3. A diferencia de lo que ocurre en el ámbito económico, las instituciones parlamentarias y de gobierno nacionales -y territoriales- tienen márgenes de actuación amplios cuando se trata de abordar la crisis institucional. La Unión Europea apenas se inmiscuye en esos temas, salvo cuando afecta al control de la actividad económica (de hecho, la Comisión Europea llamó la atención al gobierno español sobre la unificación de las autoridades “independientes” de control de la competencia y del mercado de valores).
No parece que el descontento ciudadano respecto al funcionamiento de la democracia y las instituciones públicas, así como respecto a la organización territorial del Estado, vaya a propiciar una reforma constitucional en breve. El gobierno considera que no es el momento adecuado y las propuestas de reforma constitucional suelen concentrarse en la cuestión territorial (ya sea la reforma federal, ya una disposición específica para Cataluña), dejando de lado otros aspectos relacionados con el funcionamiento institucional y del ejercicio de la democracia. Buena parte de las reformas tienen lugar por vía legislativa y de modo fragmentario, con lo que difícilmente son percibidas como parte de un amplio proyecto reformista y regenerador, que suscite consensos políticos y sociales amplios.
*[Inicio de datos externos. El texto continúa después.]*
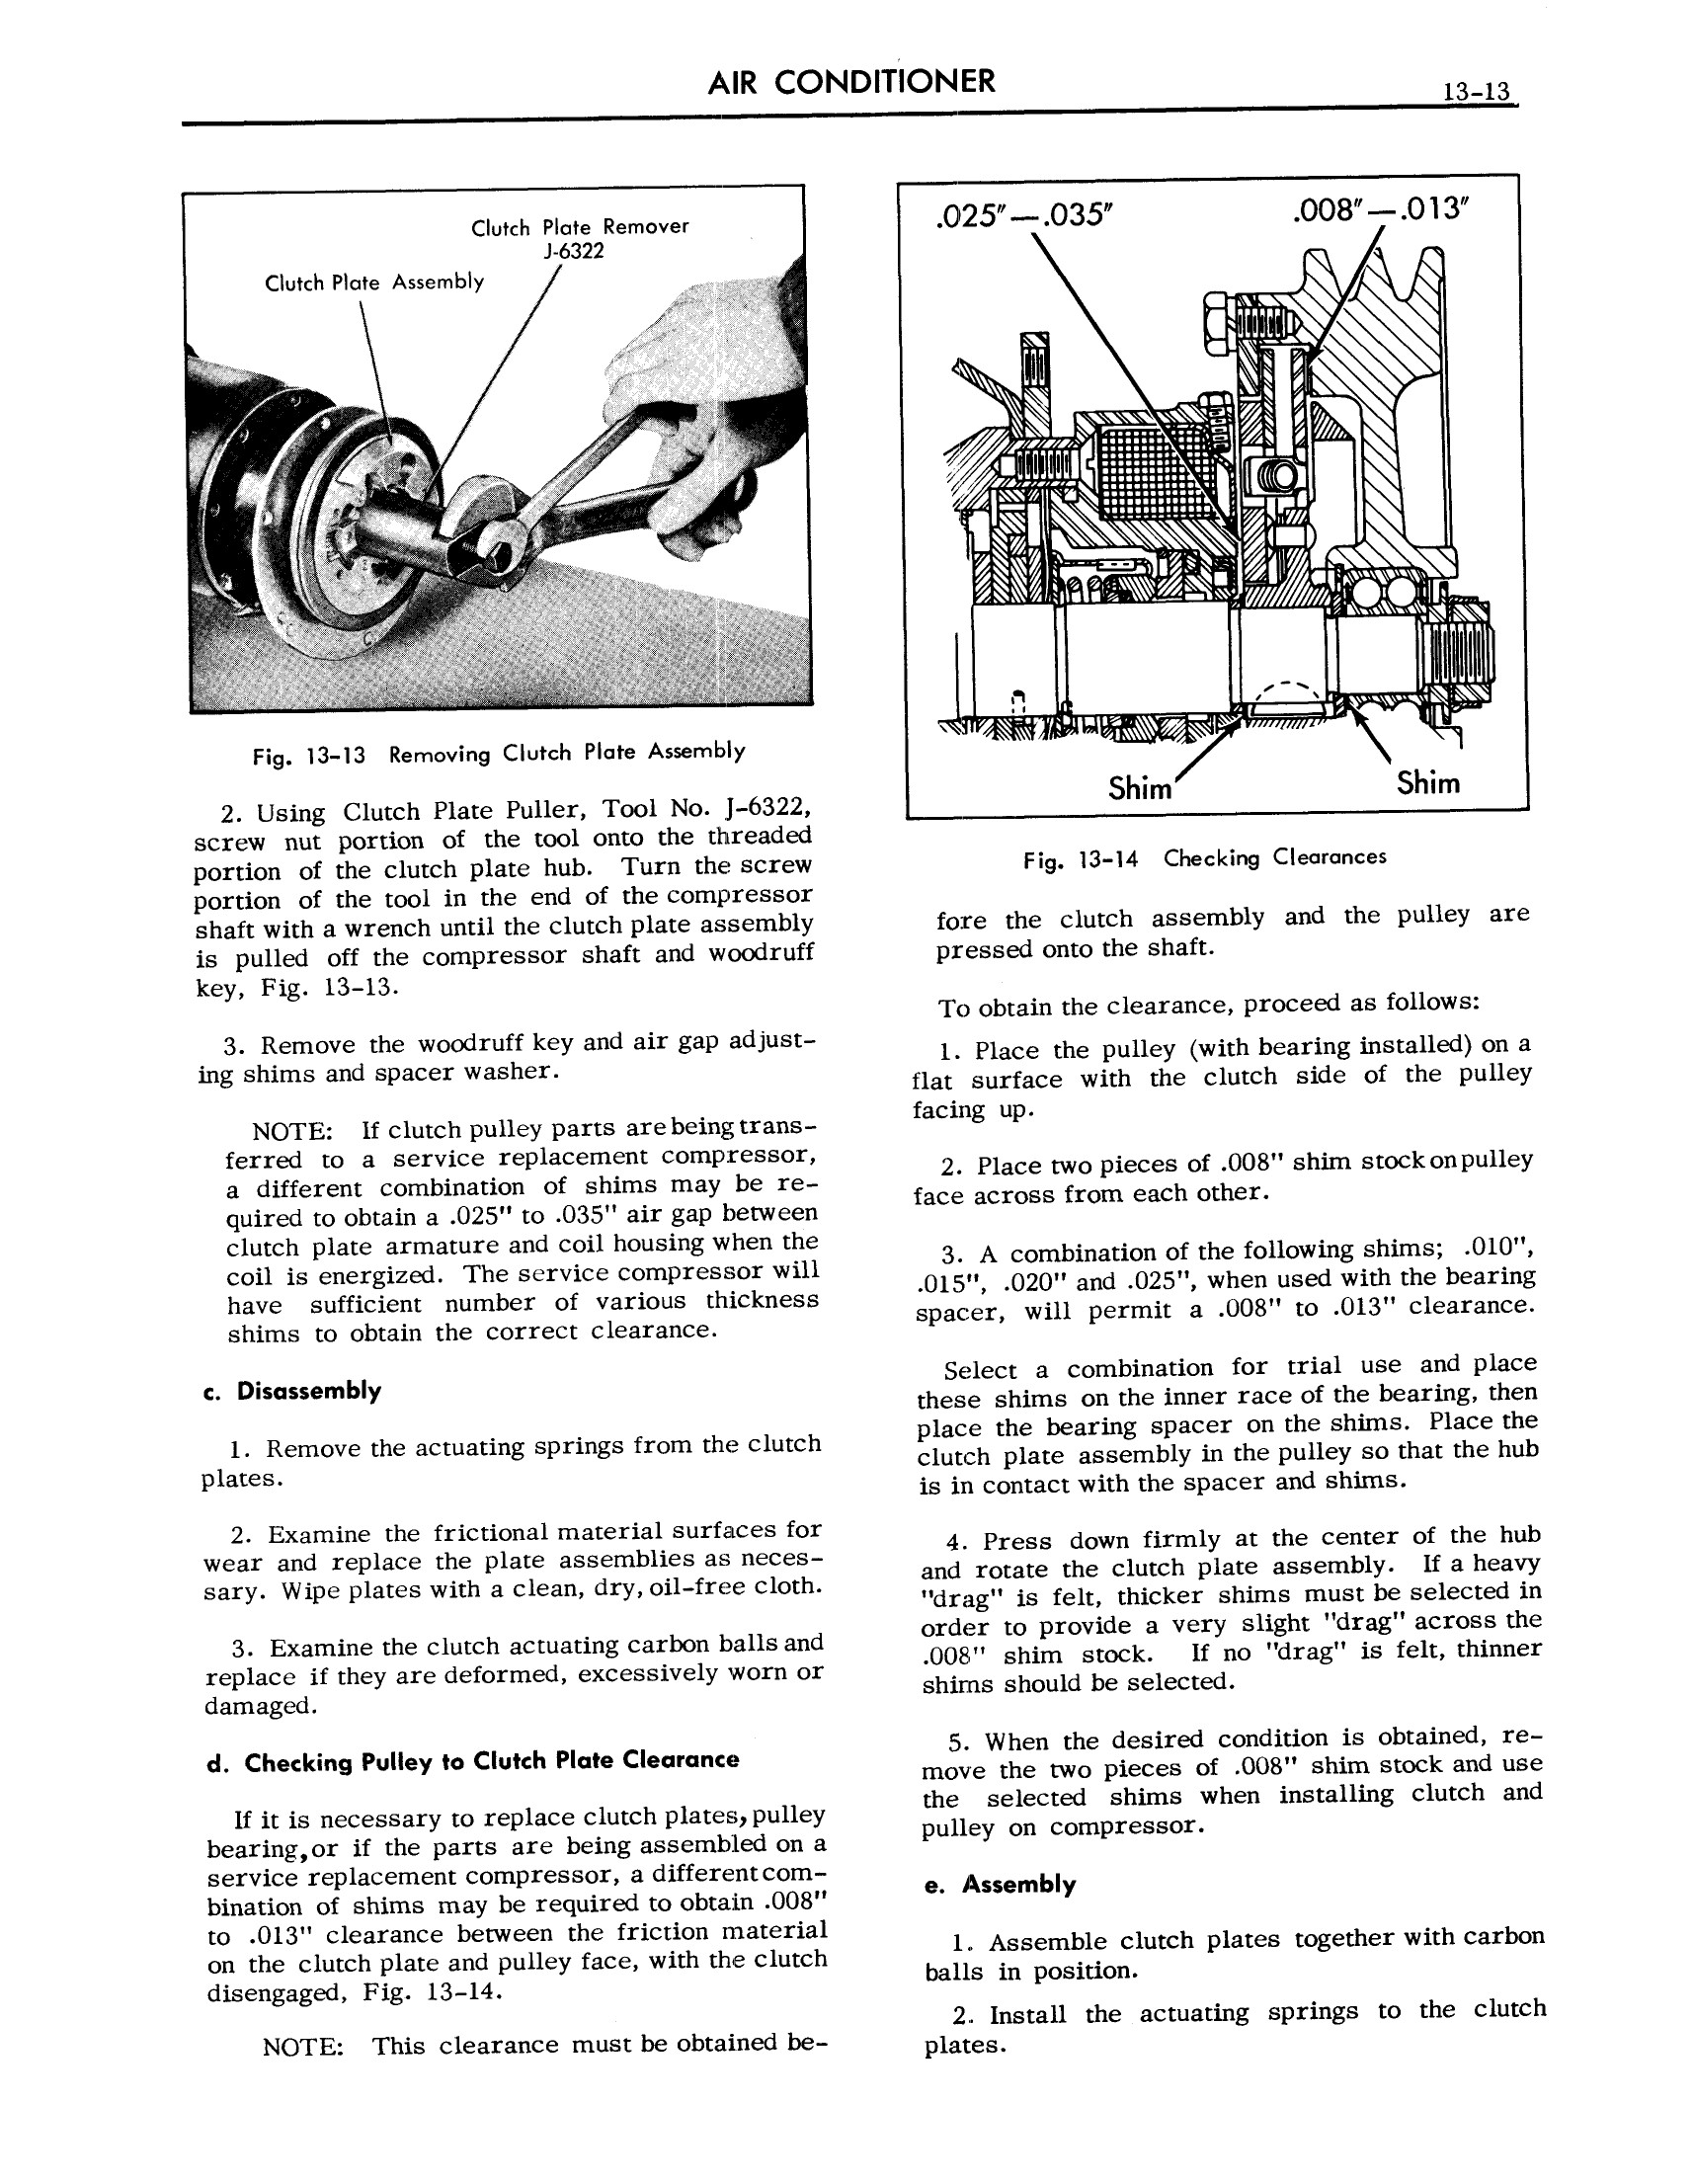 1957 Cadillac Shop Manual- Air Conditioner Page 13 of 22

En cualquier caso, las reformas no pueden dejar de lado lo que me parece fundamental: por un lado, la conveniencia de acotar el campo de acción de los partidos al estrictamente político (Parlamento y gobierno), reduciendo drásticamente su presencia en los demás ámbitos institucionales, sociales y de los medios de información; y por otro, la necesidad de asegurar instituciones políticas bien controladas y contrapesadas mutuamente. Son formas adecuadas de preservar el Estado de Derecho y la democracia representativa, pilares indispensables de la forma de Estado constitucionalmente establecida.
1 * Estos apuntes están ampliados en “Transformaciones de la estructura del poder estatal en el marco de la globalización. Apuntes para un debate”, en F. Reviriego (coord.), Constitución y globalización, Fundación Giménez Abad, Zaragoza, 2013.